Re: Policy proposal for AI-assisted contributions

Mark Wielaard Tue, 16 Dec 2025 10:30:05 -0800

Hi Aaron,

On Tue, 2025-12-16 at 01:05 -0500, Aaron Merey wrote:
> On Mon, Dec 15, 2025 at 12:25 PM Mark Wielaard <[email protected]> wrote:
> > On Thu, 2025-12-11 at 23:35 -0500, Aaron Merey wrote:
> > > I'd like to propose an elfutils policy for contributions containing
> > > content generated by LLM or AI tools (AI-assisted contributions).  A
> > > written policy will help clarify for contributors whether elfutils
> > > accepts AI-assisted contributions and whether any special procedures
> > > apply.
> > 
> > I think it would be good to differentiate between LLM generated
> > contributions and [AI] tool assisted contributions. The first seems
> > easy to define and is about whether or not to accept such generated
> > patches. While the later seems a very broad topic that mostly is what
> > tools a developer might use personally, most of which we don't need a
> > policy for.
> 
> That's a fair distinction.  The policy can be reworded so that it
> addresses contributions containing LLM-generated content (beyond
> accessibility aids) instead of AI tooling in general.

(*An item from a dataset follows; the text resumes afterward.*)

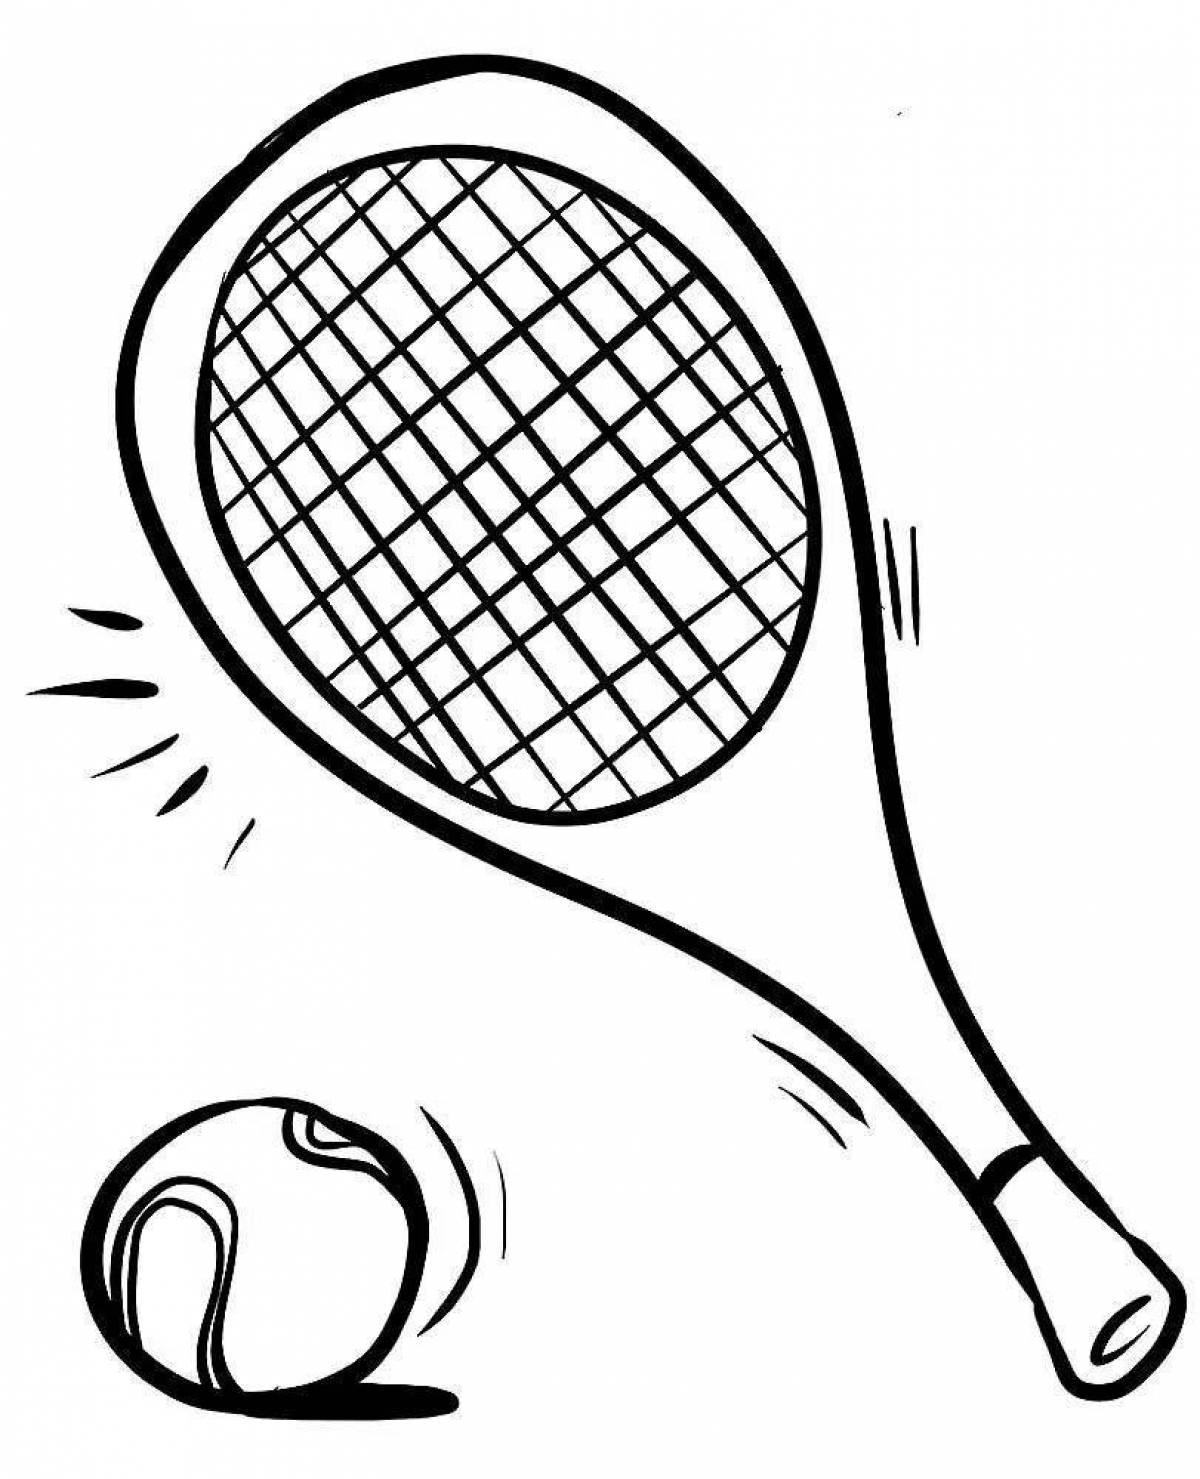 Сказочная теннисная раскраска для детей

I think that would lead to the most concise guidance to contributors.

> > > There isn't a consensus across major open source projects on whether
> > > AI-assisted contributions should be allowed.  For example, Binutils
> > > [1], Gentoo [2], and man-pages [3] have adopted policies rejecting
> > > most or all AI-assisted contributions.
> > 
> > There have also been discussions by glibc and gcc to adopt a similar
> > policy as binutils has on LLM Generated Content.
> > 
> > > Fedora [4] and the Linux Foundation [5] have policies permitting the
> > > use of AI-assisted contributions.  Contributors are expected to
> > > disclose the use of any AI tools and take responsibility for the
> > > contribution's quality and license compatibility.
> > 
> > The Fedora one is for a large part not about using AI for code
> > contributions. The Linux Foundation one lets each developer try to
> > figure out if there are (legal) issues or not. Both feel like they are
> > not really giving any real guidance but let every individual try to
> > figure it out themselves.
> 
> What stood out to me was that these policies do not unconditionally
> ban contributions containing LLM content.  This content may be
> acceptable when there is disclosure, license compatibility, and
> absence of incompatible third party content.

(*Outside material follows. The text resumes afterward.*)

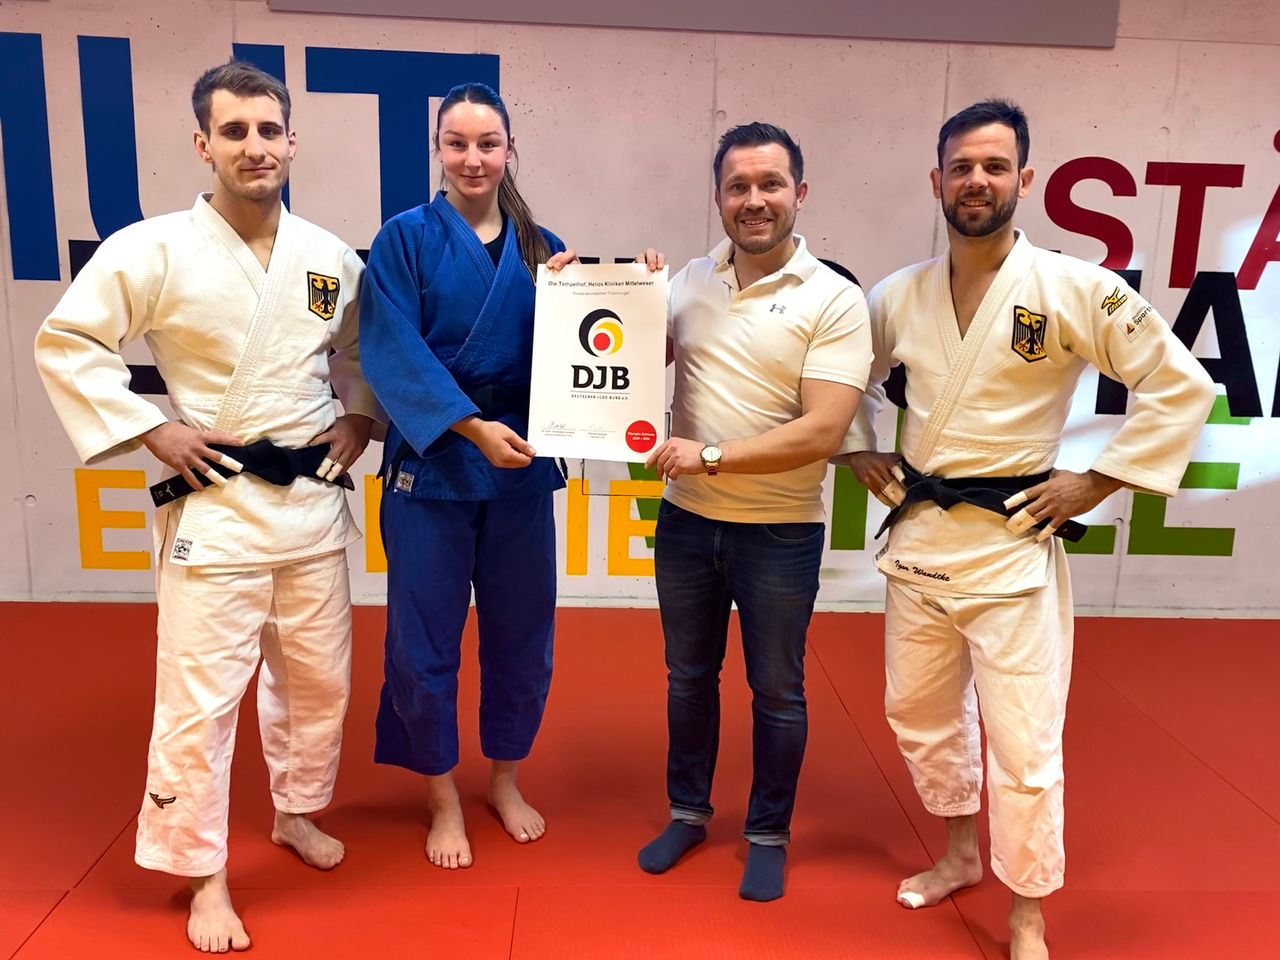 Für den Deutschen Judo-Bund: Nienburger Orthopäde macht Füße fit für Olympia

And having the clear rights to sign off on the legal requirements of
the project. Which I think is why these guidelines are not very
practical. It pushes contributors to find some imaginary line where it
is "still" OK to just copy LLM generated content.

> > > In my opinion, elfutils should permit AI-assisted contributions.  As
> > > for specific policies, I suggest the following.
> > > 
> > > (1) AI-assisted contributions should include a disclosure that some or
> > > all of the contribution was generated using an AI tool.  The git
> > > commit tag "Assisted-by:" has been adopted for this purpose by Fedora,
> > > for instance.
> > 
> > I think this is too weak. The tag or comment should at least explain
> > how to replicate the generated content. Which isn't very practical with
> > the current generation of LLM chatbots. Or probably even impossible. I
> > do think it is appropriate for deterministic tooling though, so as to
> > have a recipe to replicate specific code changes.
> 
> Reproduction steps for deterministic tools and prompts or conversation
> summaries for LLMs are fine with me.

The first are fine with me, the second not really.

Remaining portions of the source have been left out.